• [ASSIGNMENT]
Starting at the line that contains "Commercial Interior photography", write out each line exactly through the last one in the material below, and nothing more; omit all pictures.

• [RAW DATA]
····················

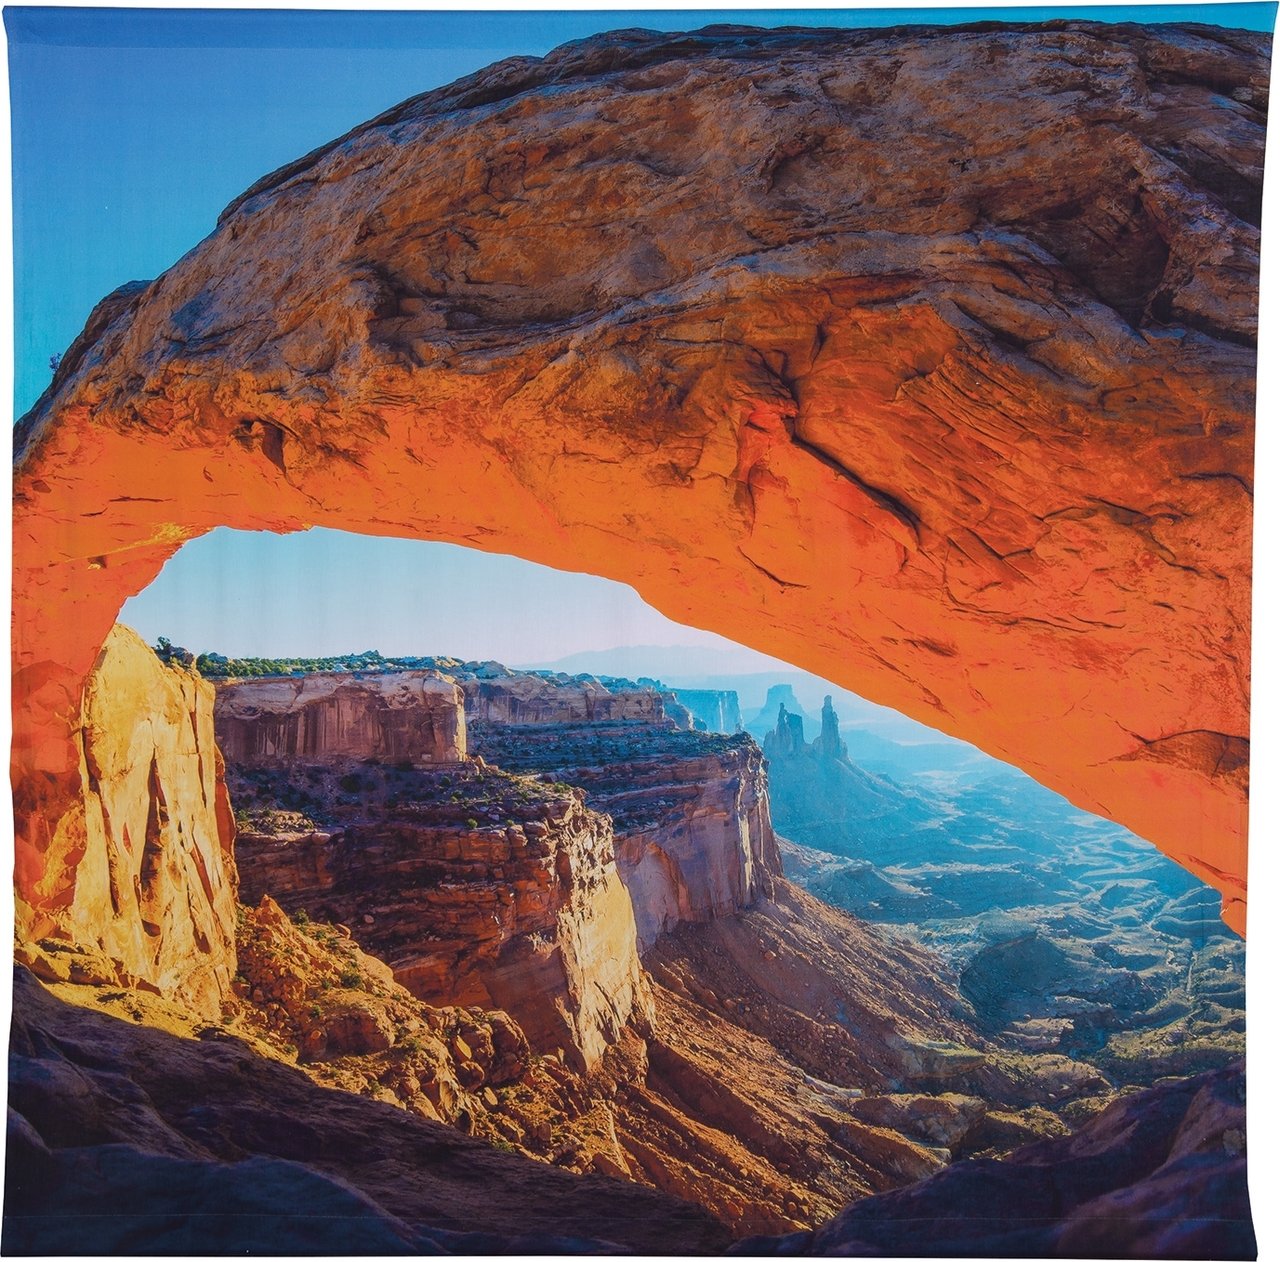 BLOWOUT Mesa Arch Photo Tapestry - (Medium, 4.8 X 4.8 Feet, 100% Cotton, Fair Trade Certified) - PaperLanternStore.com - Paper Lanterns, Decor, Party Lights & More
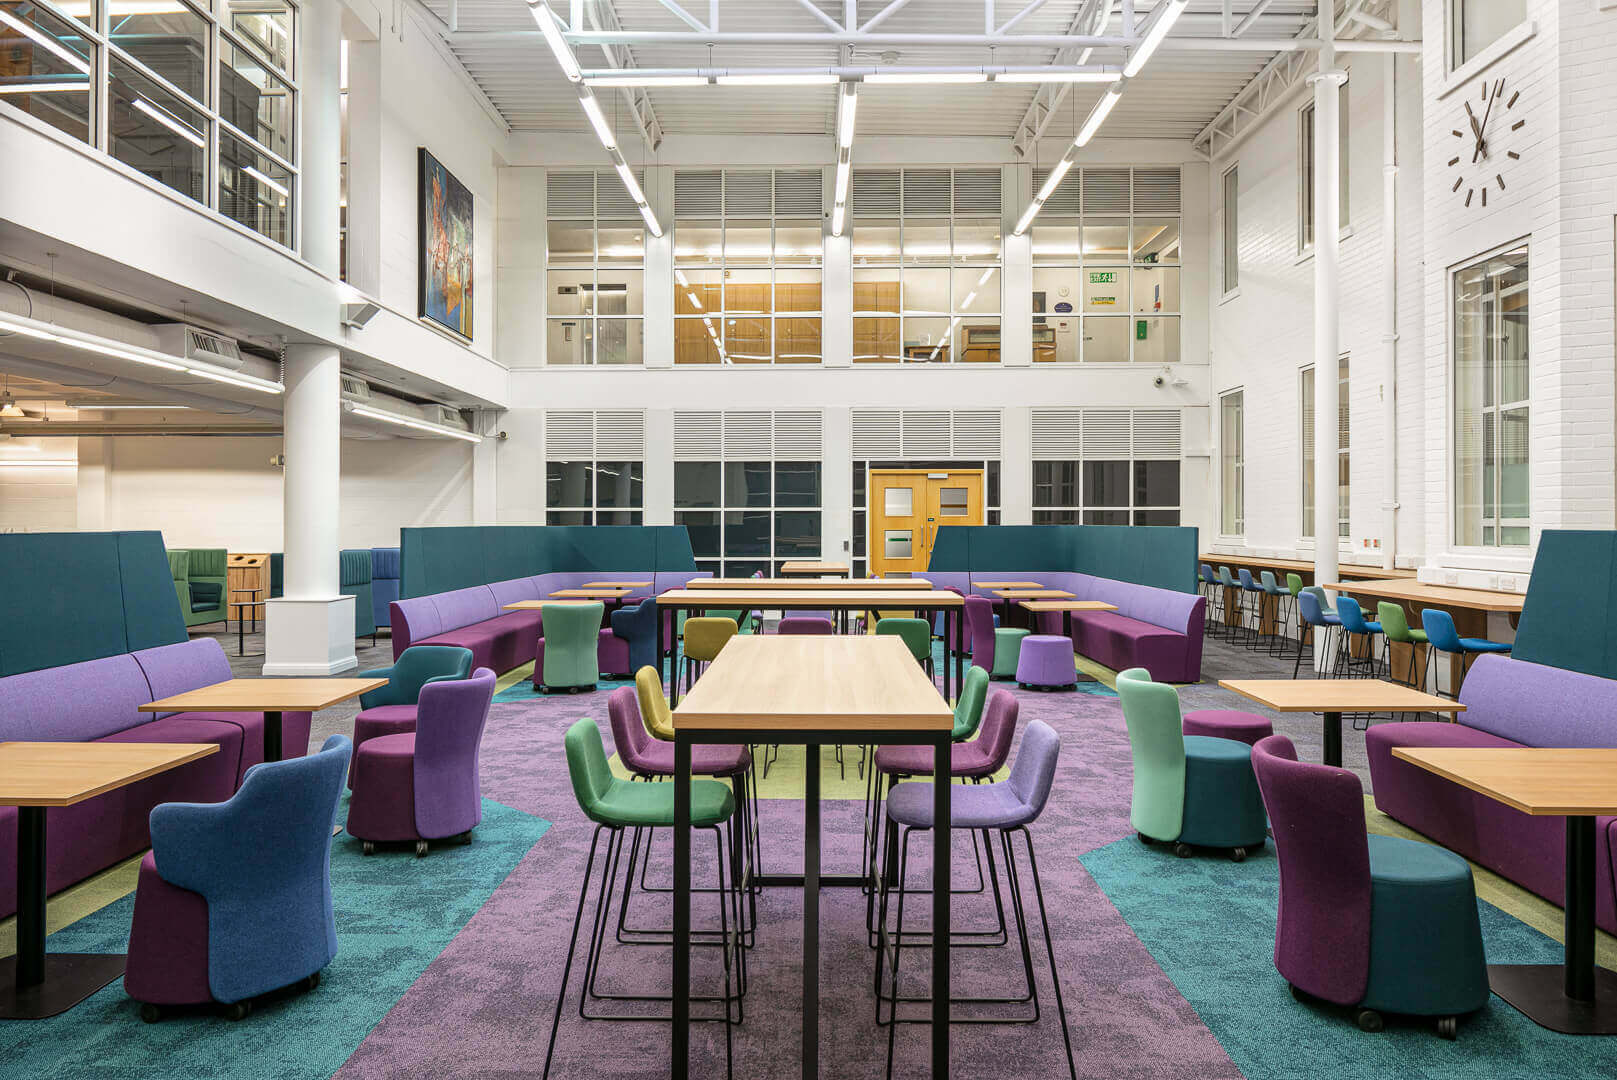 Commercial Interior photography - Brotherton West building refurbishment, University of Leeds
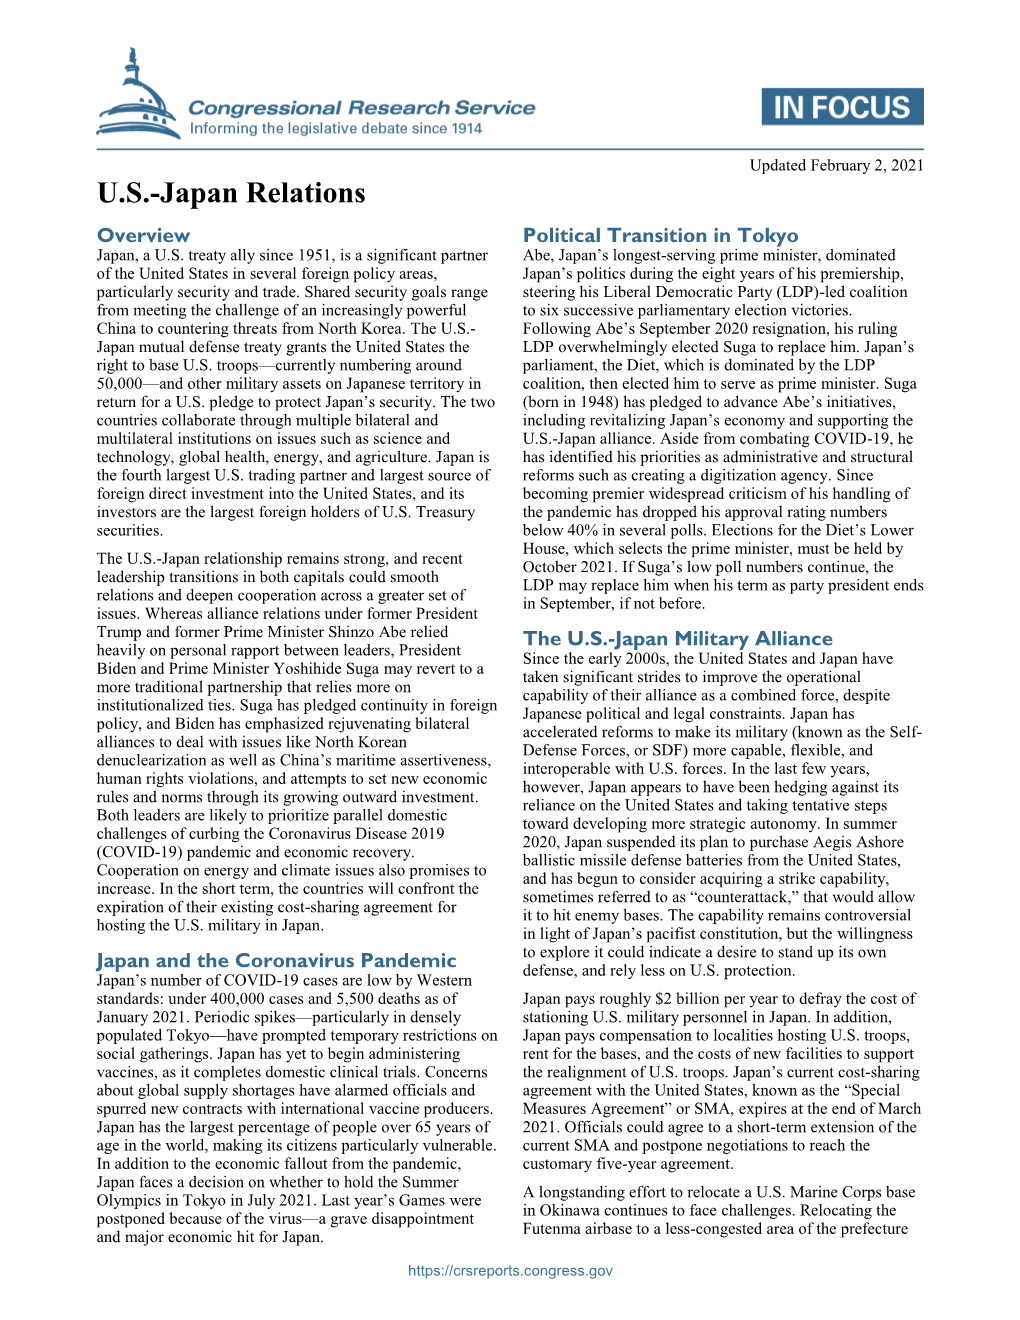 U.S.-Japan Relations Overview Political Transition in Tokyo Japan, a U.S
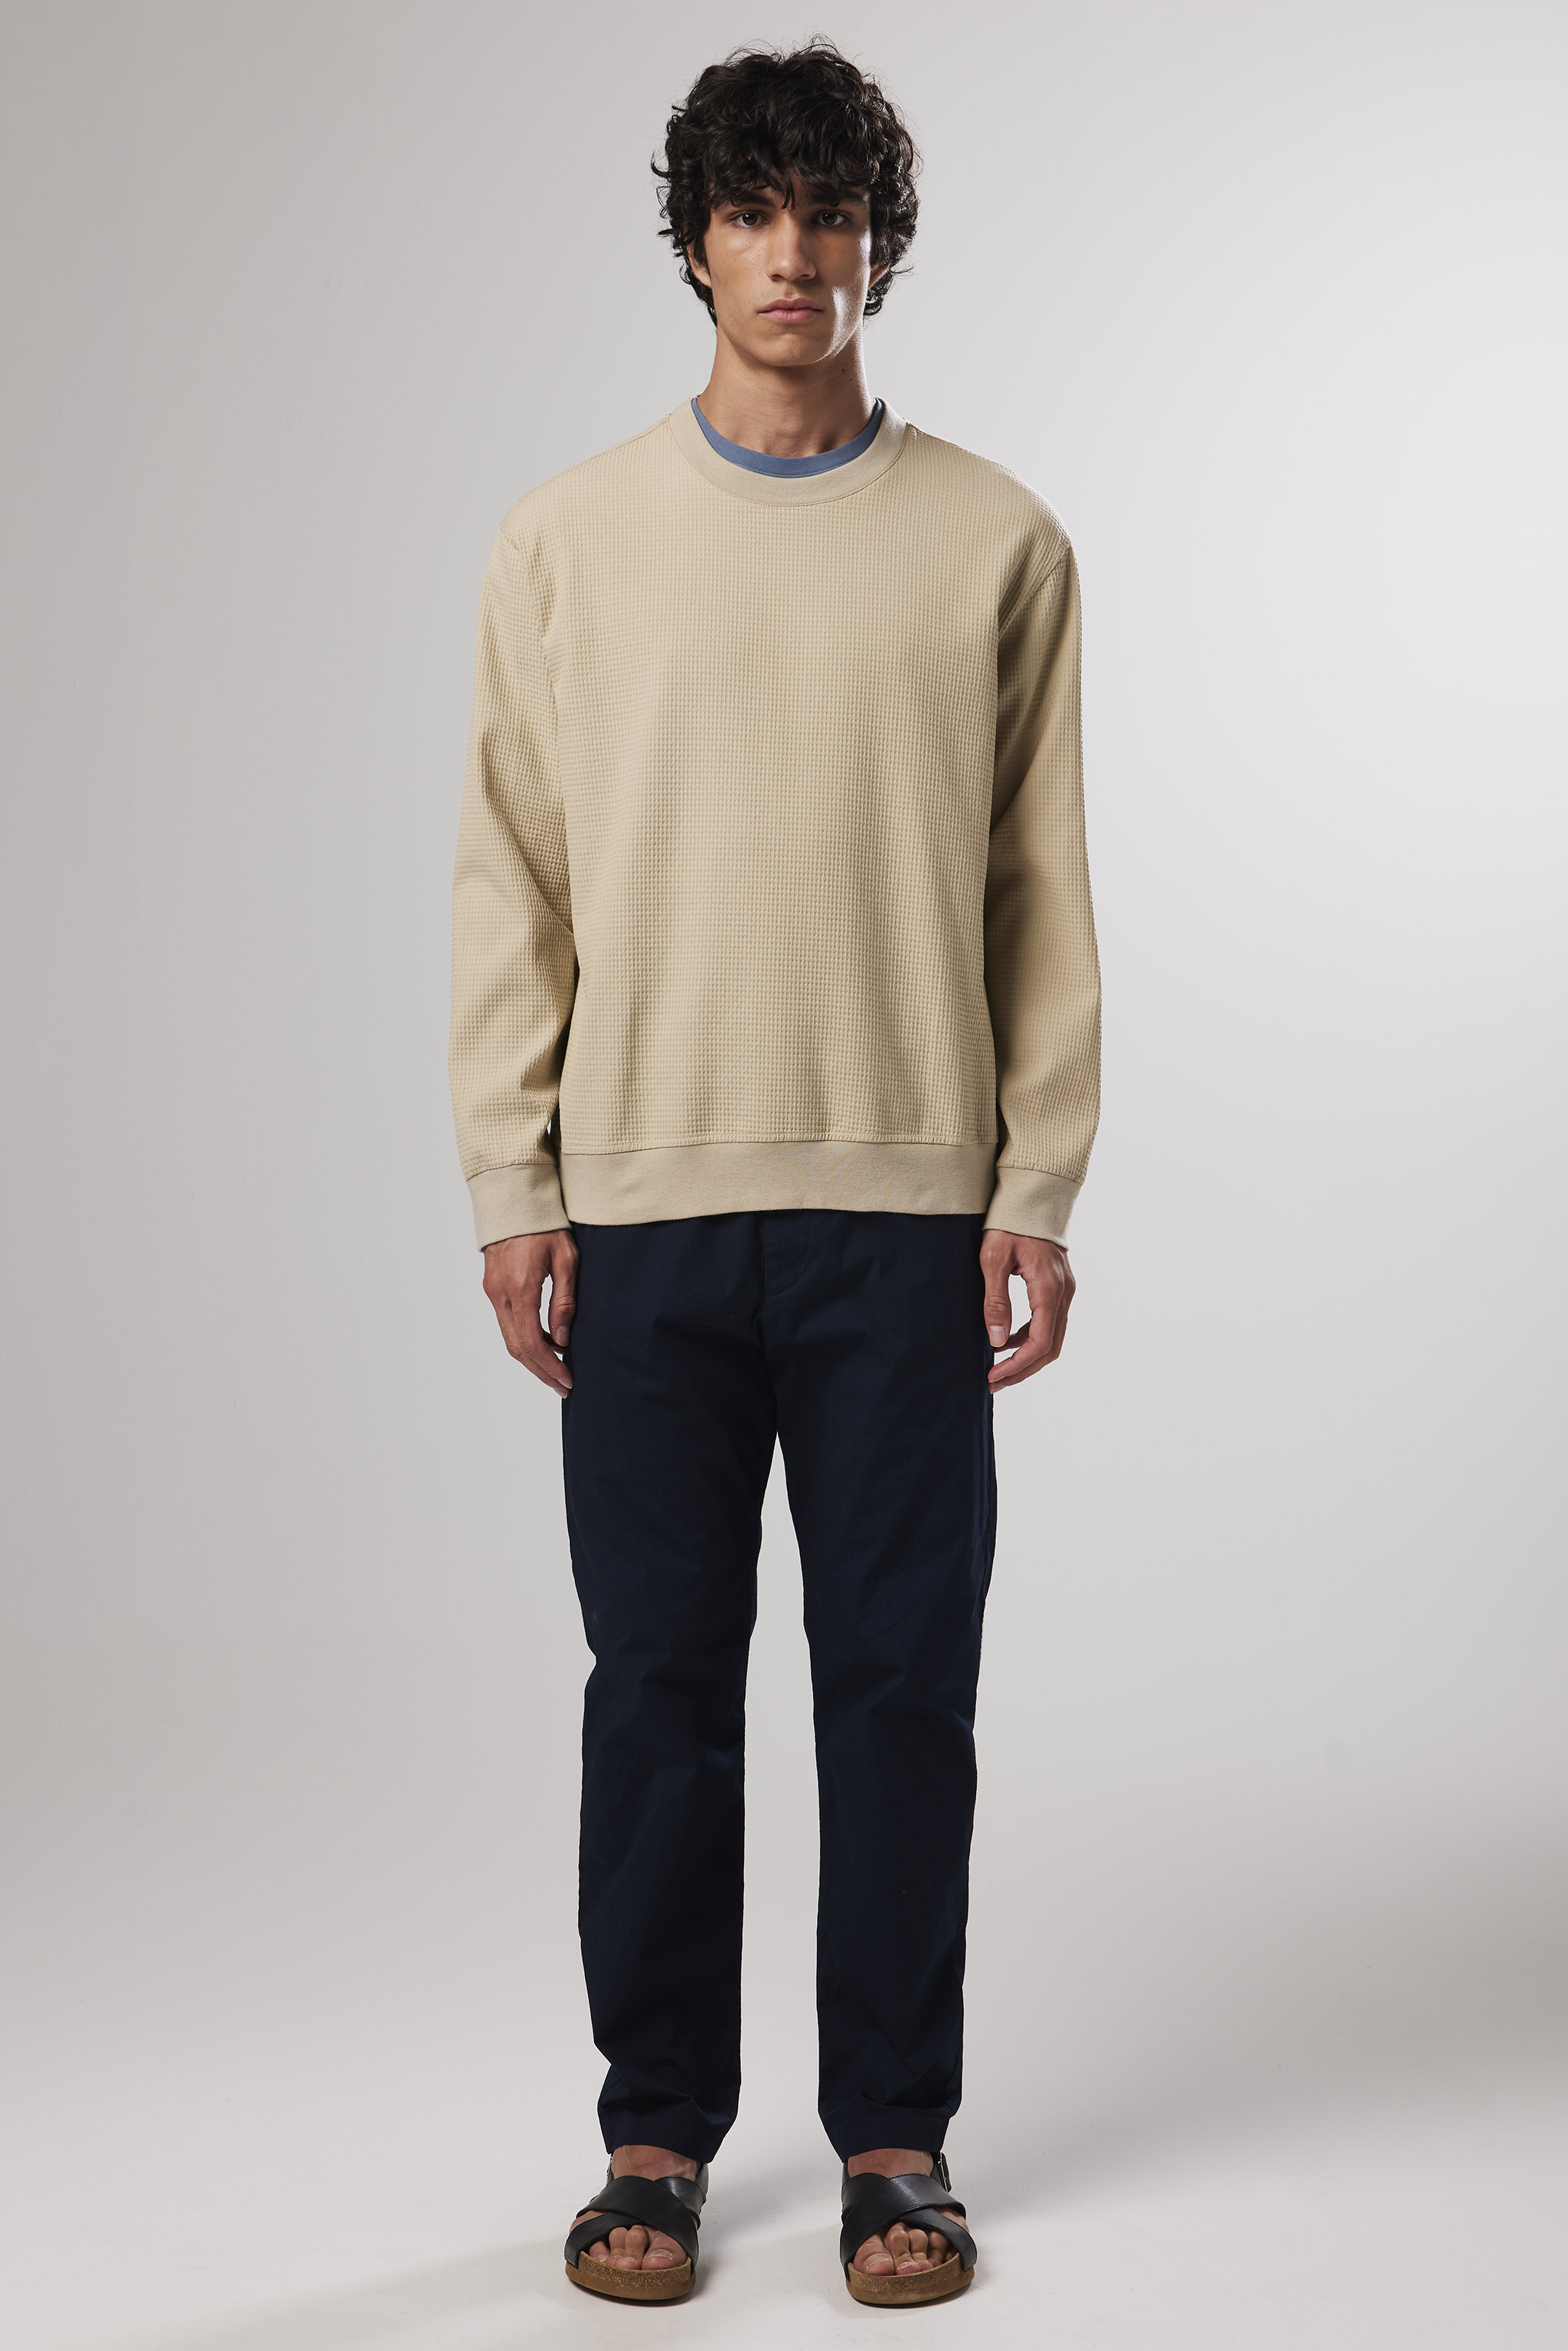 Crew Neck 3477 men's sweatshirt - White - Buy online at NN.07®

····················

• [TASK ANSWER]
 Commercial Interior photography - Brotherton West building refurbishment, University of Leeds
 U.S.-Japan Relations Overview Political Transition in Tokyo Japan, a U.S
 Crew Neck 3477 men's sweatshirt - White - Buy online at NN.07®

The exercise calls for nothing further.